SKAGs for OpenAI Ads: single-intent ad groups
The single keyword ad group is one of the most argued-over ideas in paid search. It was a standard for years, then most experts moved on. The interesting part is that the reasons it fell out of favour in Google are exactly the reasons it belongs on OpenAI Ads, where there are no keywords to bid on and almost no reporting to read.
The structure that turns aggregate reporting into a signal you can act on
What a SKAG really was, underneath the tactic
A single keyword ad group, or SKAG, did exactly what the name says. Instead of putting a dozen related keywords in one ad group, you gave each keyword its own ad group, usually with the keyword repeated in a couple of match types and an ad written to mirror it word for word.
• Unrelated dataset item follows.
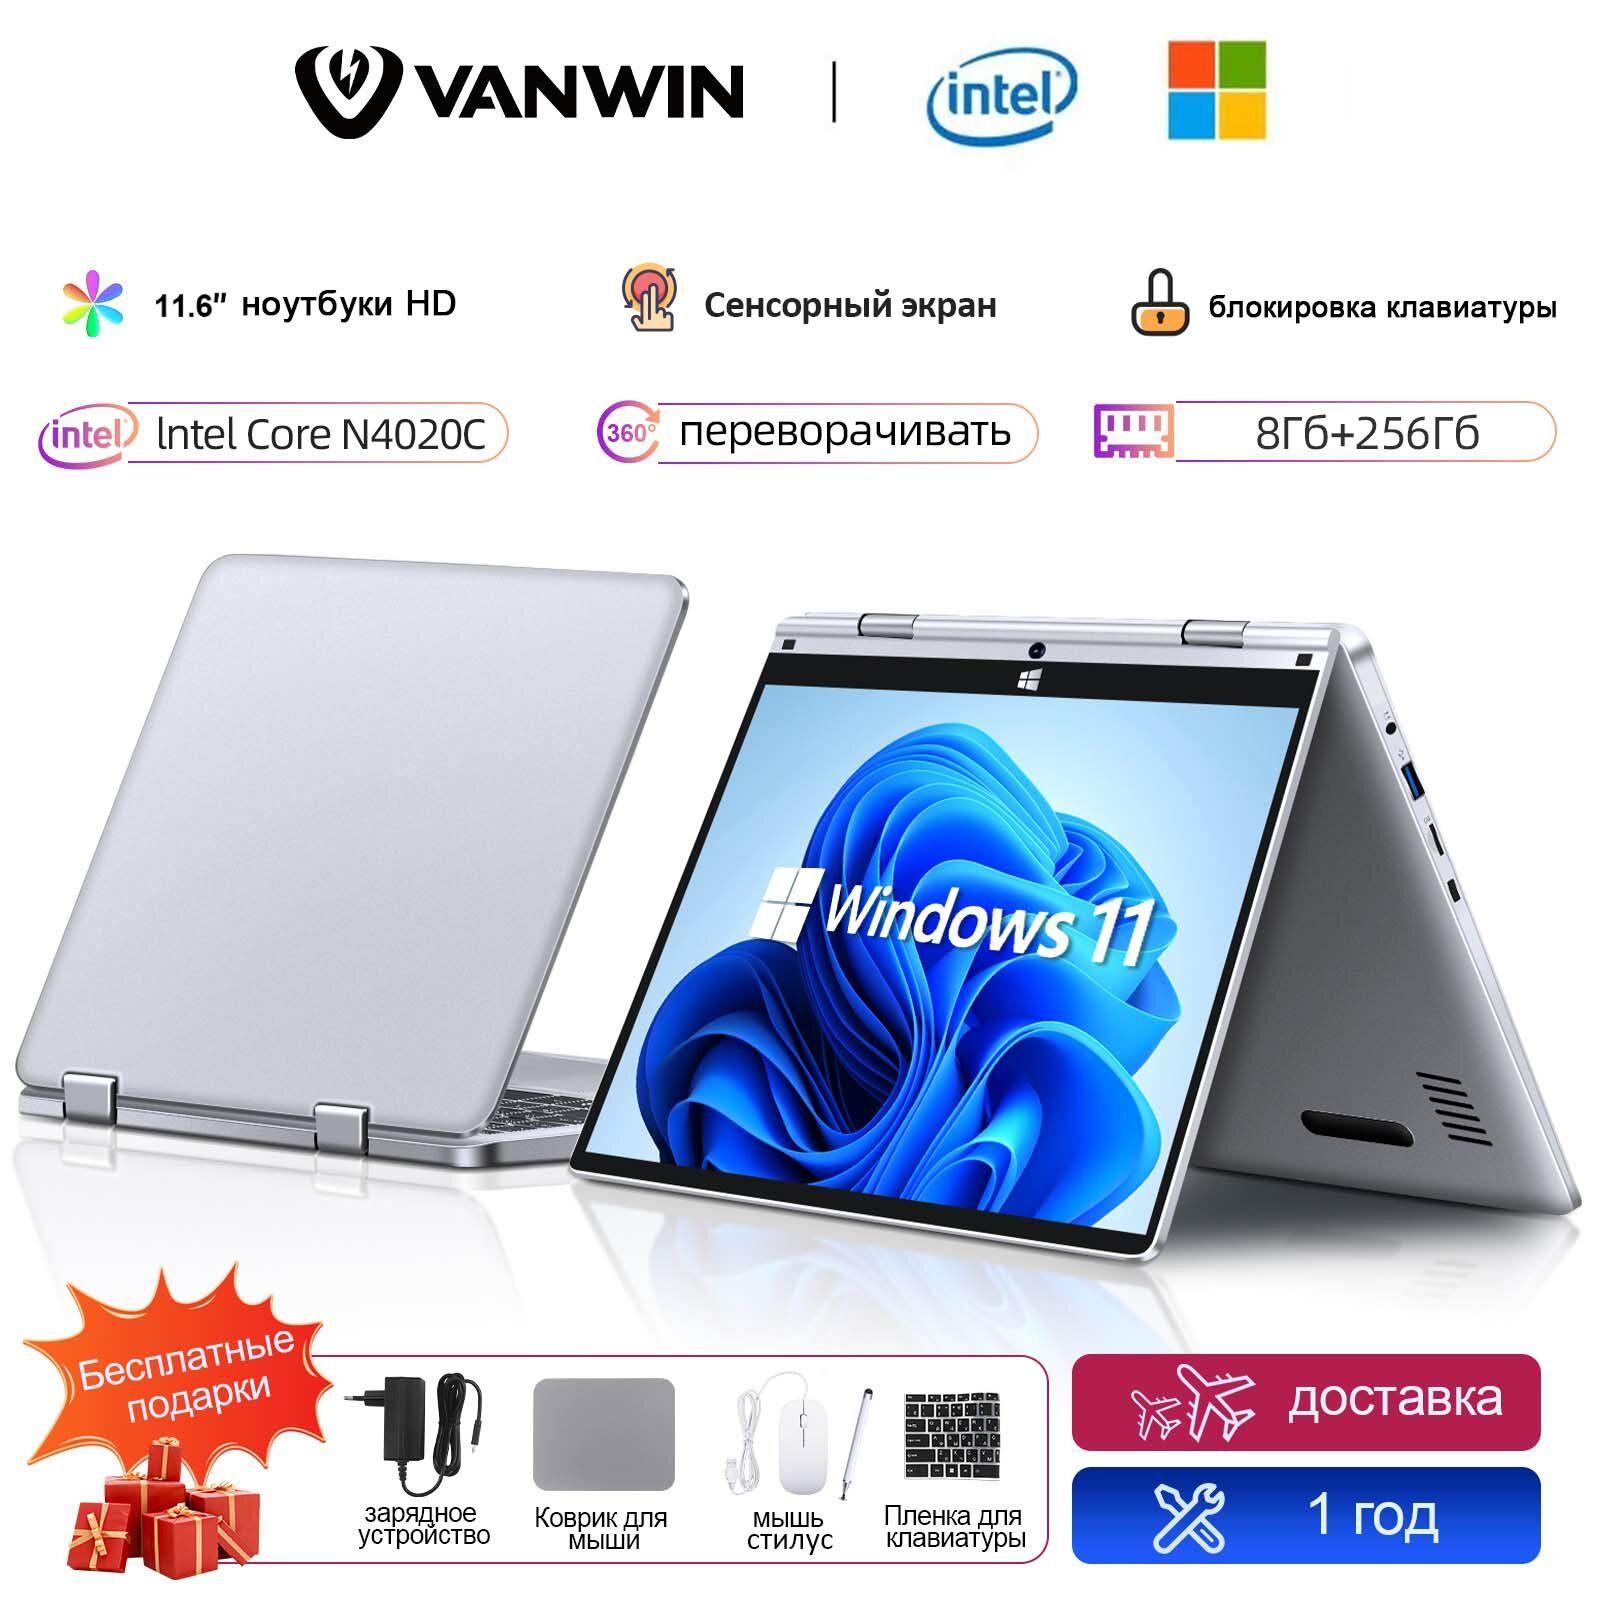 VANWIN 11.6" сенсорный экран ноутбук, процессор Intel, 8GB RAM, 256GB SSD, Windows Pro, серебристый, ноутбук для работы и учебы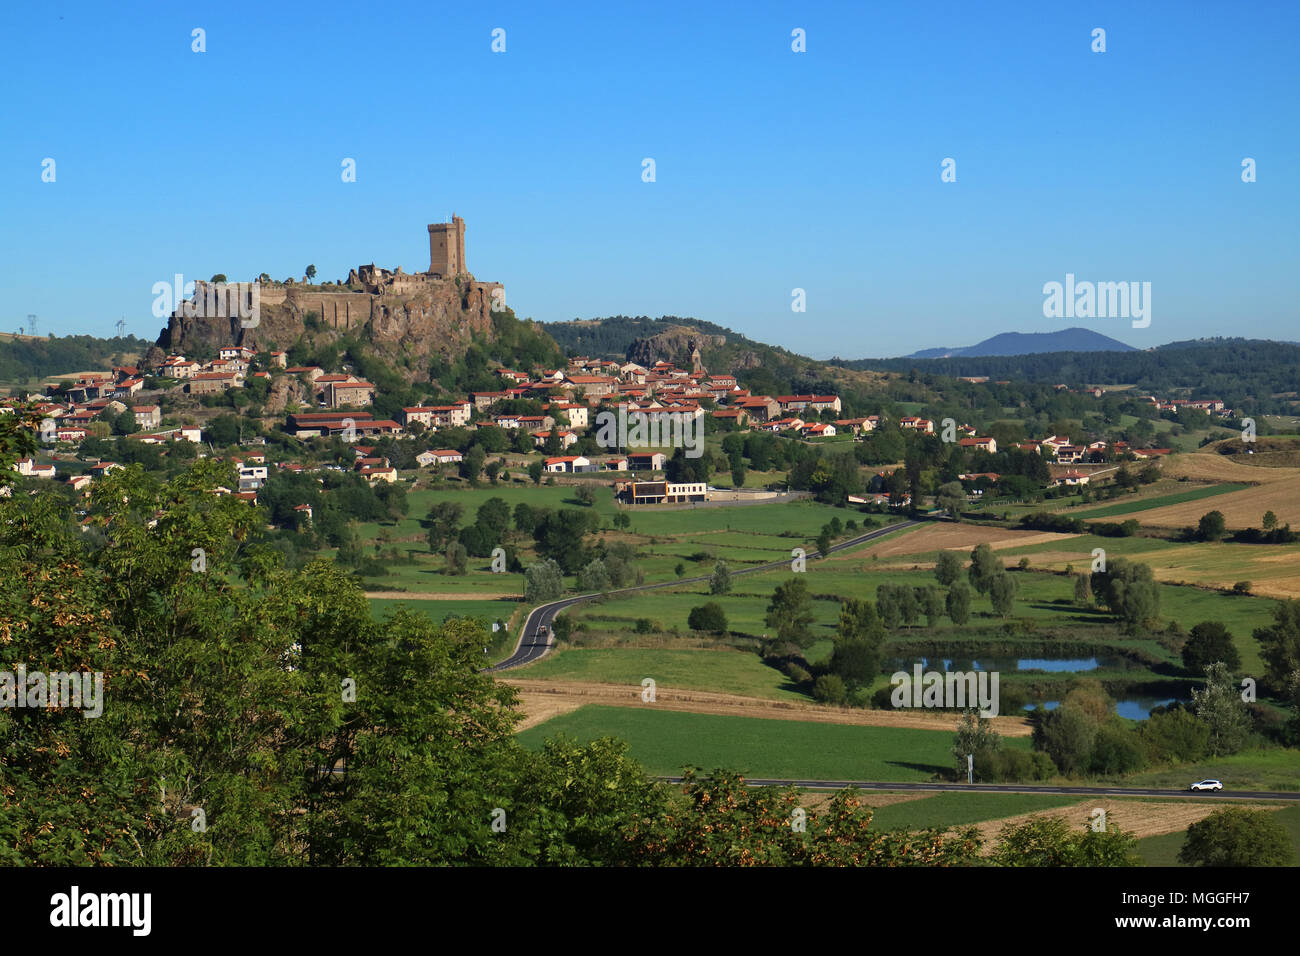 Vista de la ciudad de Polignac, cerca de Le Puy-en-Velay, dominado por la "Fortresse de Polignac' con su plaza donjon, la torre de 32 m de altura, Auvergne, Francia Foto de stock

At its peak, a serious Google account might have run thousands of them.
The clever part was never the keyword count. It was isolation. When an ad group holds one keyword, that ad group's spend, clicks, and conversions are that keyword's spend, clicks, and conversions, with nothing else mixed in. You could look at a single line in your account and know, precisely, what one search query was doing for your business. You could write an ad that matched that query so closely it lifted your click-through rate and, through Quality Score, lowered what you paid. And you could set a bid for that one query without dragging twenty others along with it.
Strip away the Google-specific machinery and what is left is a simple, durable idea: isolate one unit of demand per ad group so its numbers tell you the truth about that unit. That idea does not depend on keywords, or on Quality Score, or on Google at all. It depends only on wanting clean attribution and direct control, which is to say it depends on the thing every advertiser wants. Hold onto that, because it is the whole reason SKAGs are about to matter again.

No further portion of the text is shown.